# Omnitrope - Thoughts?



## Robmgti (Oct 23, 2008)

Afternoon all - not posted in a long time but thought this may be worth a check (possibly help others as well!)

I've just got hold of some Omnitrope (6.7mg/ml) - 30iu (1.5ml). I'm aware there is a number of fakes going round at the moment with 'active' contents, my concerns are the ones mentioned with Ins in them - i'd rather not be taking that if possible! These come from a reliable source, he competes on a regular basis and has used these personally but i'm conscious that counts for very little in the grand scheme of things. Posted some pictures below - these are the boxes containing individual vials (not the 5 vials per box).

My doubts are caused by: Lack of crimping on the cap and i don't feel the box is amazing quality (though i've had far worse for generic huh). On the positive side all the batch numbers match the vials.

Any thoughts?

Thanks


----------



## SvenPowerH (Jul 20, 2009)

No crimping? You can easily remove the aluminium cap? If so, its 100% fake, this is unacceptable from a genuine liquid parenteral.


----------



## Robmgti (Oct 23, 2008)

The cap is on solidly on but there appears to be no dimpled crimping around the bottom (i have seen this on a number of photos on here regarding genuine pharma grade version) - hence the concern.


----------



## mihudmx (Jun 9, 2014)

So, its fake or not?


----------



## 3752 (Jan 7, 2005)

those are crimped its just not crimped as you would expect, the top of the vial has been crimped on you can see that, nice smooth finch as well, the thing i would be concerned with would be the box.....


----------



## SvenPowerH (Jul 20, 2009)

The crimp looks doggy to me honestly... and the box is from East Europe country from where all the fake Omnitrope are coming... I wouldn't say fake unless I know for certain but...


----------



## Robmgti (Oct 23, 2008)

Bit late but thanks all! I didn't use in the end, it didn't seem legit so not worth the risk.


----------



## adsh89 (Apr 26, 2015)

Hi guys sorry to reopen this thread, I have these exact same boxes, smell is potent but as I've discovered it can be easily faked. So is the end verdict that these are fakes? I've been using them a while and I thought it had been working well but now all of these threads are making me think twice?


----------



## Tekken (Feb 8, 2014)

adsh89 said:


> Hi guys sorry to reopen this thread, I have these exact same boxes, smell is potent but as I've discovered it can be easily faked. So is the end verdict that these are fakes? I've been using them a while and I thought it had been working well but now all of these threads are making me think twice?

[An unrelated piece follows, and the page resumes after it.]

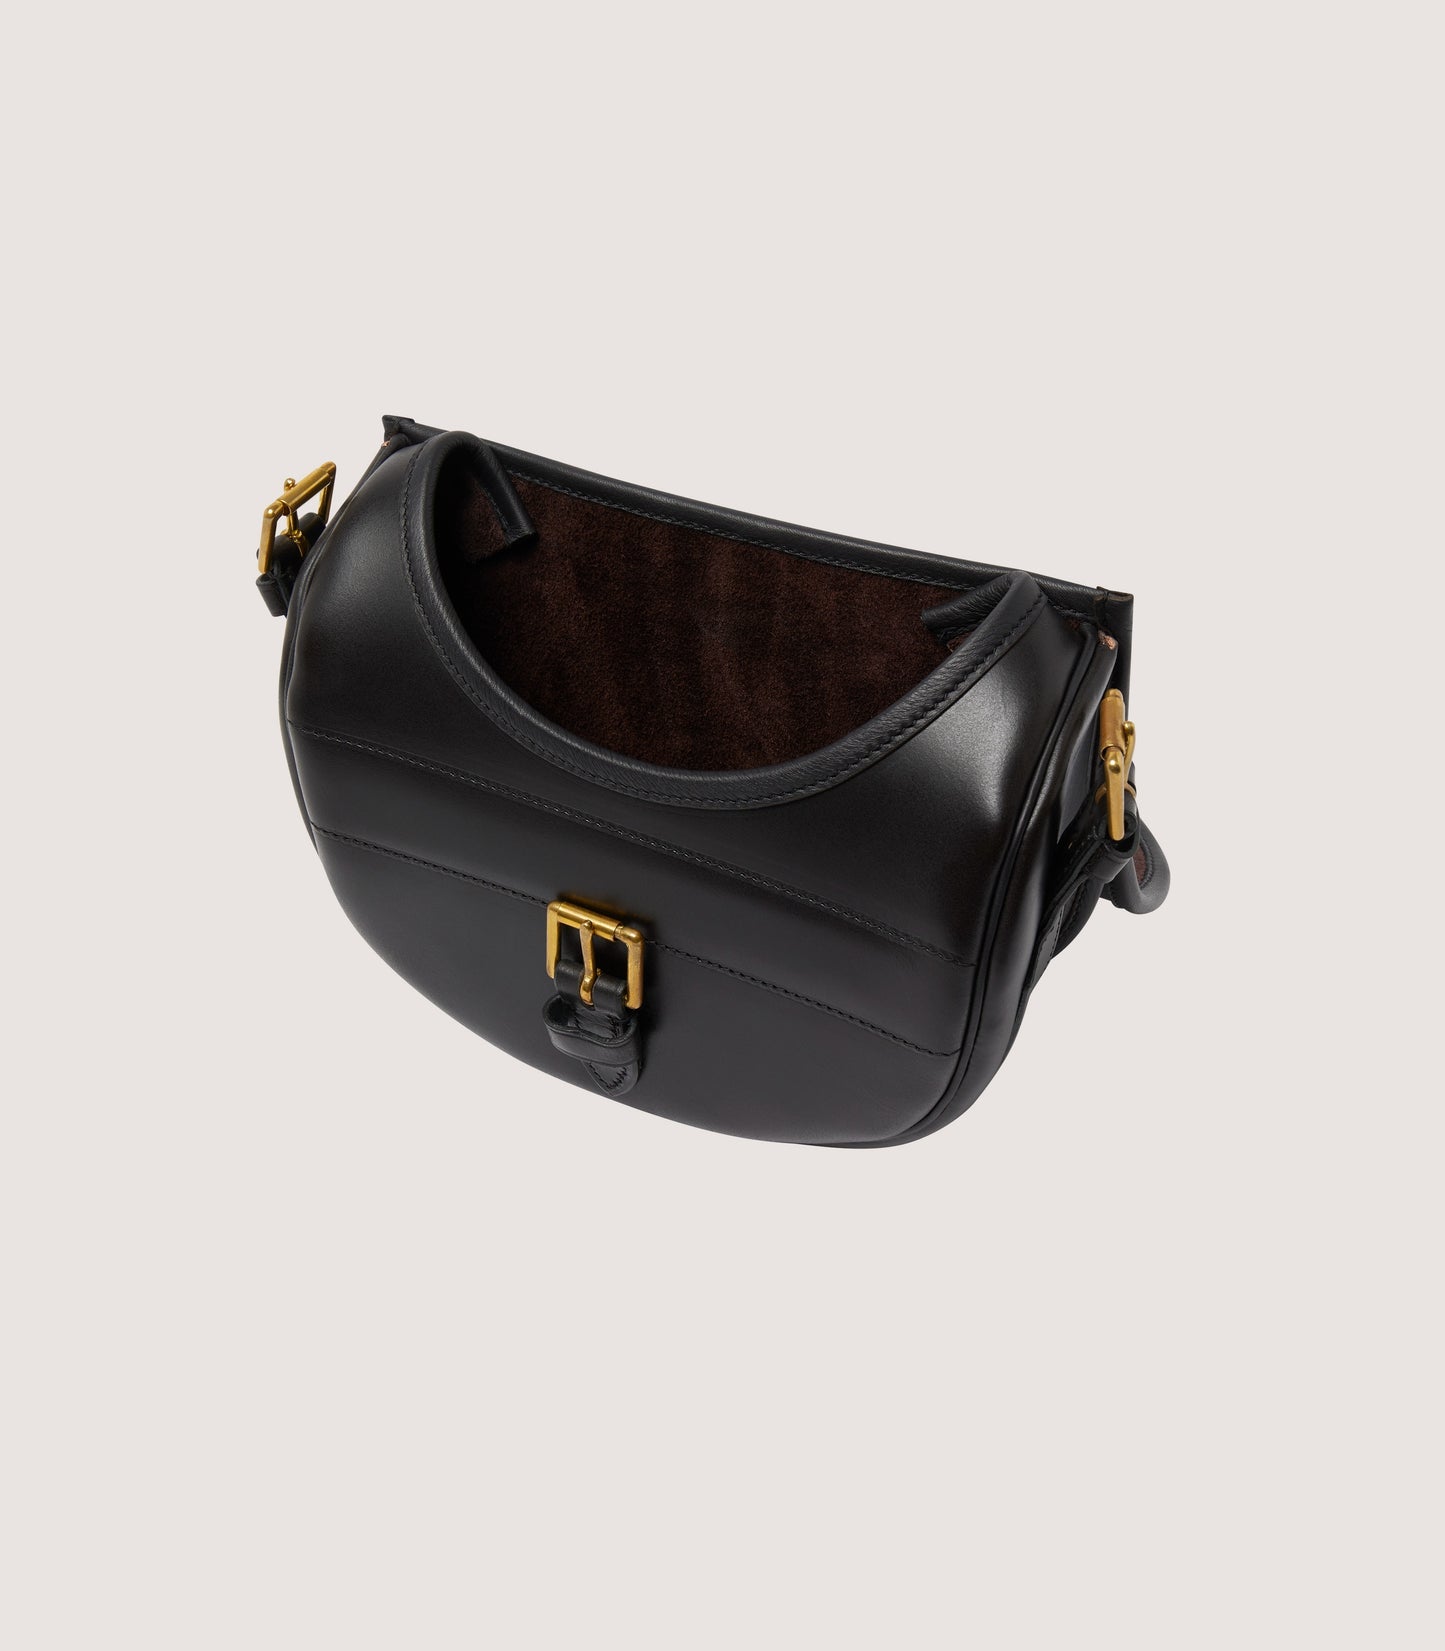 Bridle Leather Cartridge Bag In Dark Brown.

if its working well its probably working. base if off your results not what people online say


----------



## adsh89 (Apr 26, 2015)

hm very true, the only thing that worries me is that ive heard rumour that Long Lasting Insulin has been used to replicate the smell, which would leave users feeling fuller but not directly spike Insulin Levels to promote glyco? feels very suss to me now.


----------



## Tekken (Feb 8, 2014)

adsh89 said:


> hm very true, the only thing that worries me is that ive heard rumour that Long Lasting Insulin has been used to replicate the smell, which would leave users feeling fuller but not directly spike Insulin Levels to promote glyco? feels very suss to me now.

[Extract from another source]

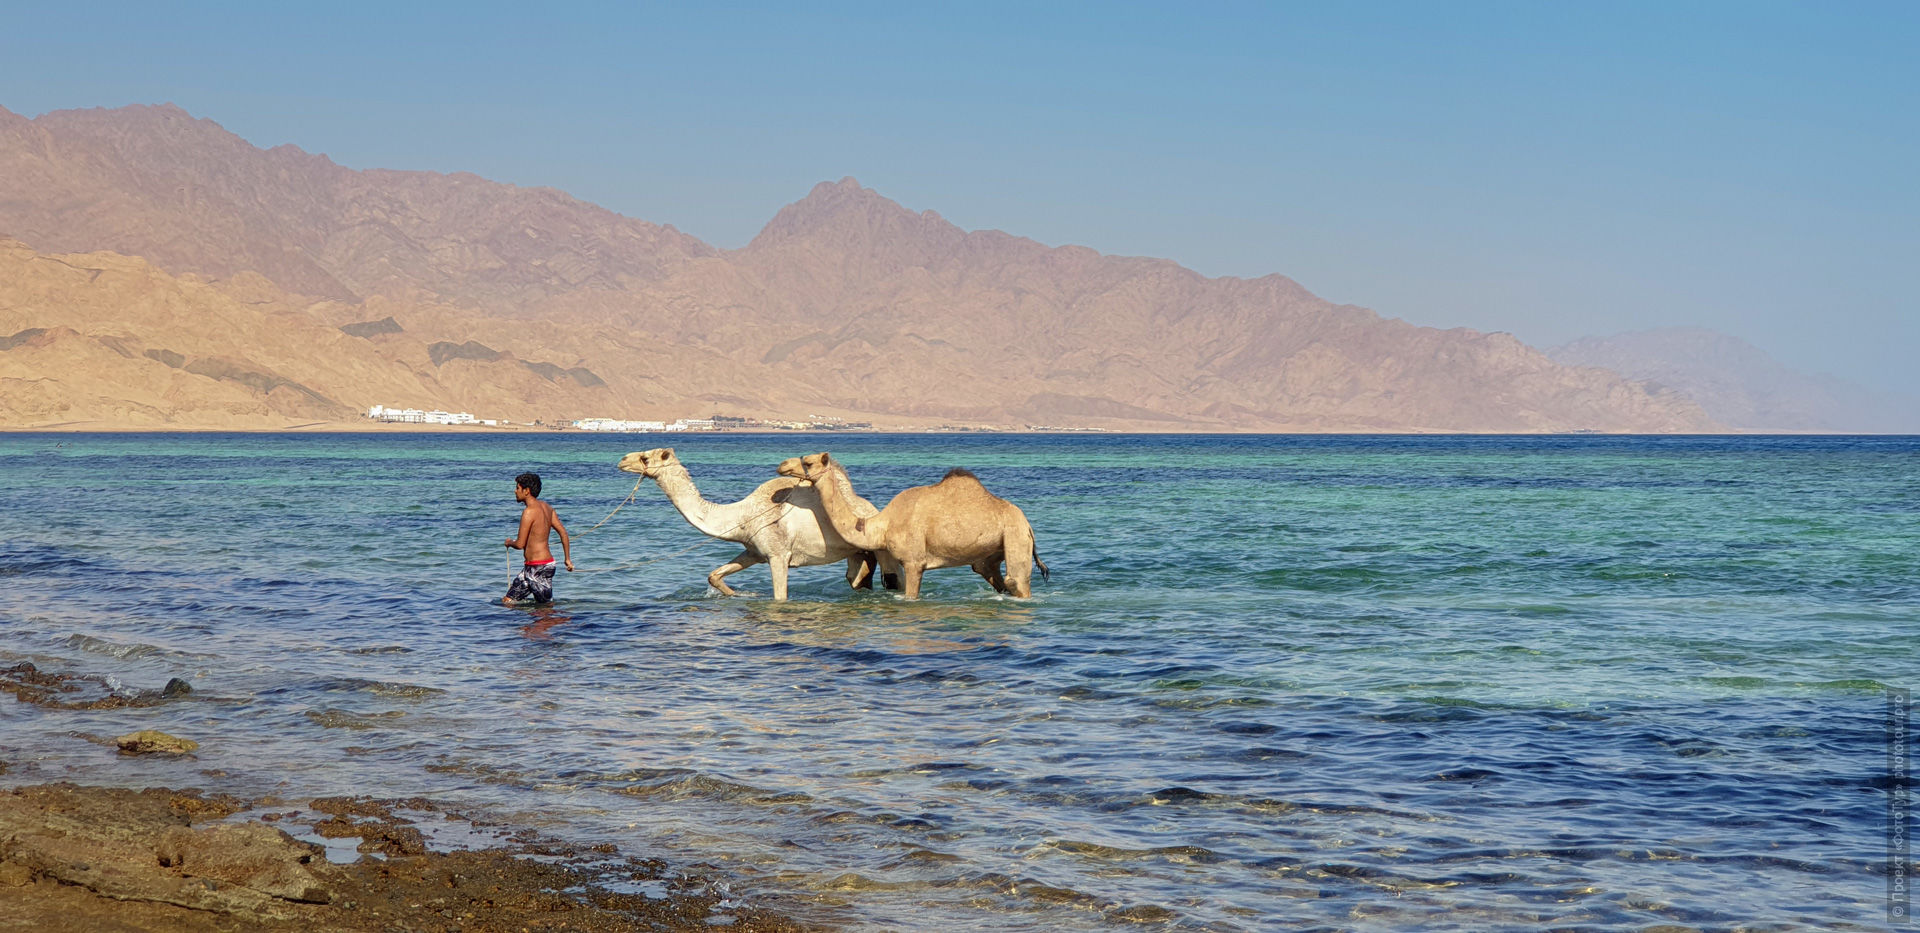 Купание верблюдов в море на Ассале, Дахаб, Синай.

if that was the case surely you would be going hypoglycemic . gh doesnt spike insulin either, insulin spikes insulin


----------



## adsh89 (Apr 26, 2015)

Tekken said:


> if that was the case surely you would be going hypoglycemic . gh doesnt spike insulin either, insulin spikes insulin


from what i gather, long lasting insulin is in the system for 24 hours and unlike Humalog, does not directly spike your insulin, it makes you release more throughout the day. i have read that there is very little chance of going hypo from it, but i still dont want to be messing with my insulin levels when i have no idea how much could be in there?


----------



## dt36 (Jun 3, 2005)

These are what genuine pharma should look like. There is also raised Braille writing on the box.

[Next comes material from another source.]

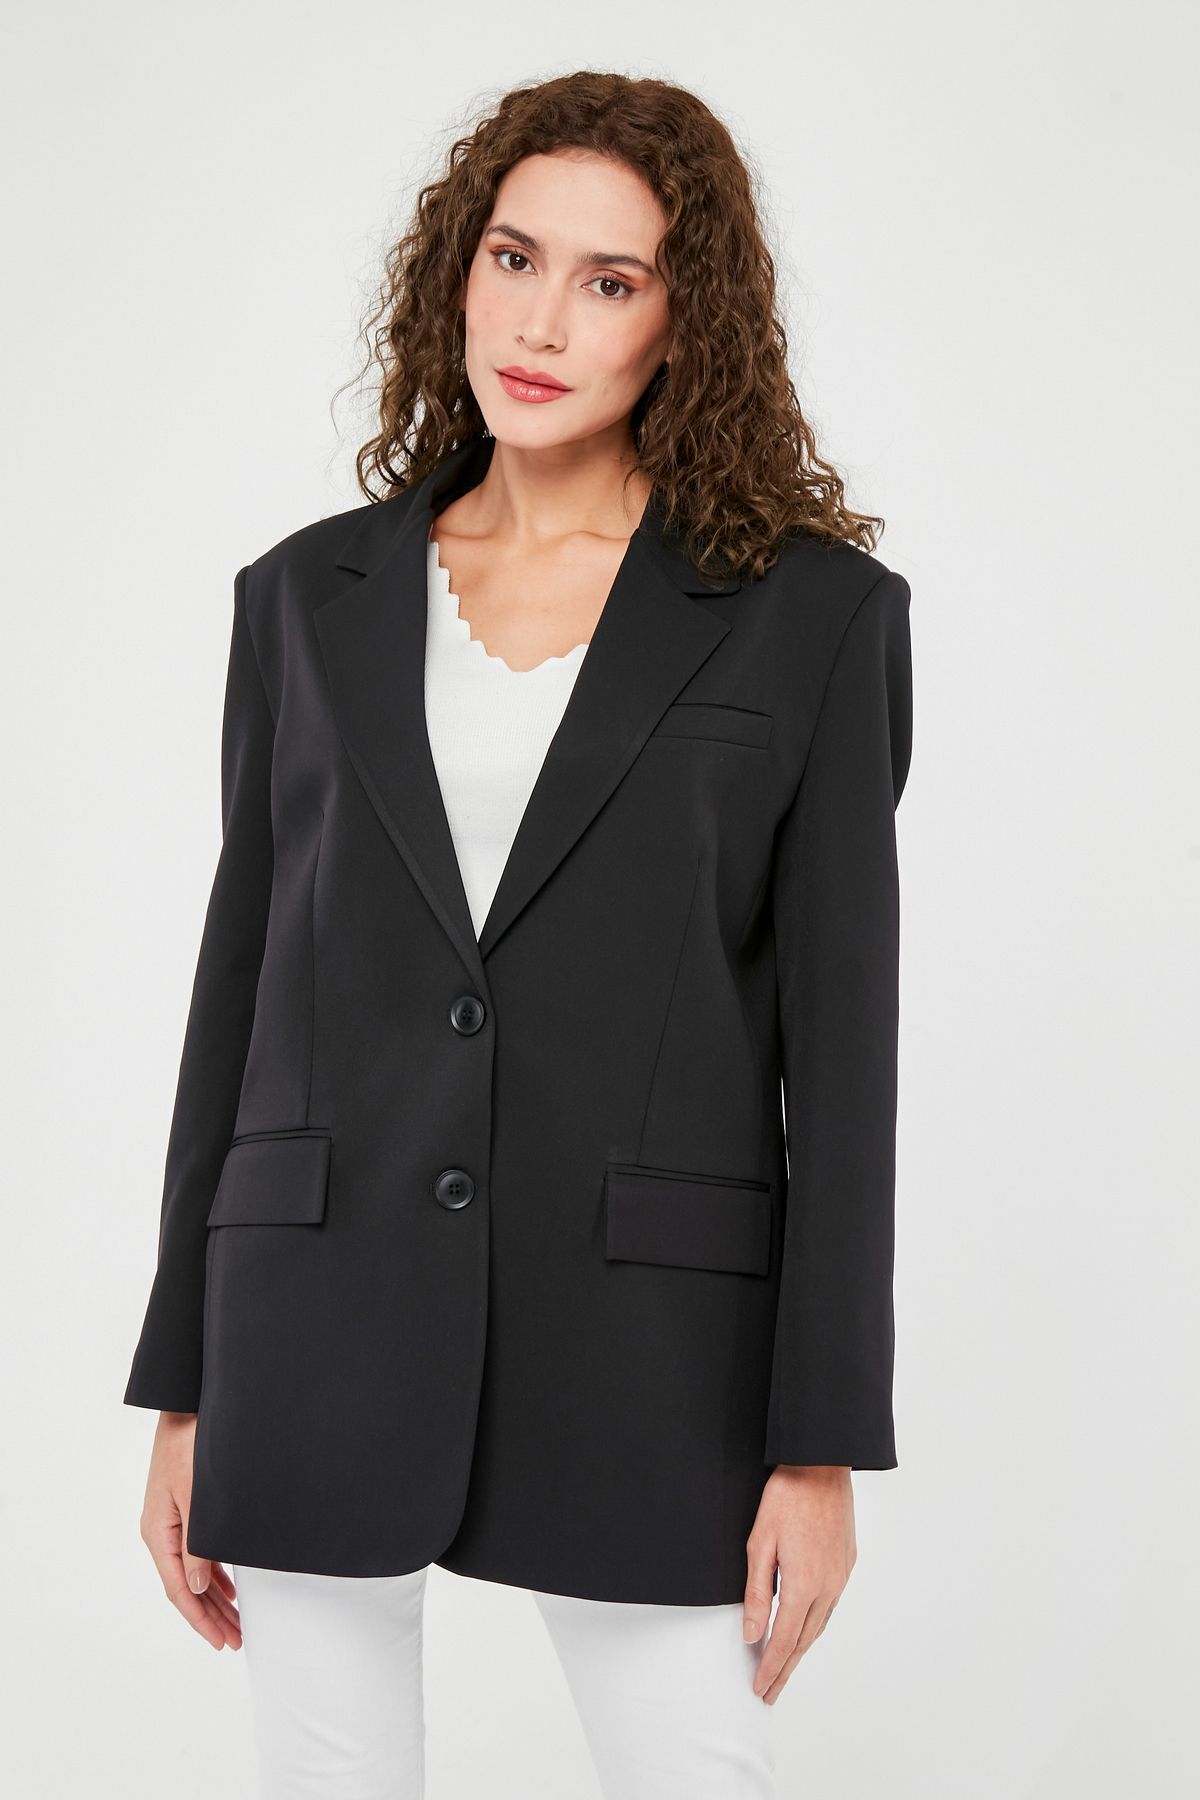 Bolivente Siyah Kadın Düğmeli Oversize Blazer Ceket

I can assure you that these are 100%.


----------



## adsh89 (Apr 26, 2015)

what do you guys make of these? Sorry I can't open it for a better picture.


----------



## thefirm (Feb 1, 2015)

dt36 said:


> These are what genuine pharma should look like. There is also raised Braille writing on the box.
> 
> I can assure you that these are 100%.
> 
> View attachment 109488


cant see the image??


----------



## dt36 (Jun 3, 2005)

thefirm said:


> cant see the image??


----------



## thefirm (Feb 1, 2015)

You don't seem to have Brail on the box.. And mine come with a single vial per box. Not 5.


----------



## dt36 (Jun 3, 2005)

There is braille on every box if you enlarge the picture. Also look at the back box and you can see where I've peeled the prescription sticker off to hide any identity.

I am not selling these on, so have no vested interest in persuading people that these are real. However, I can say with 100% confidence that these are genuine UK pharmacy prescribed.


----------



## Clubber Lang (Nov 4, 2009)

long acting slin, stay away from Omntropins full stop.

TBH, the only pharma growth id use would be Pfizer Go-Quick pens, they havent been copied yet, far too hard to reproduce the actual pen and its twist system.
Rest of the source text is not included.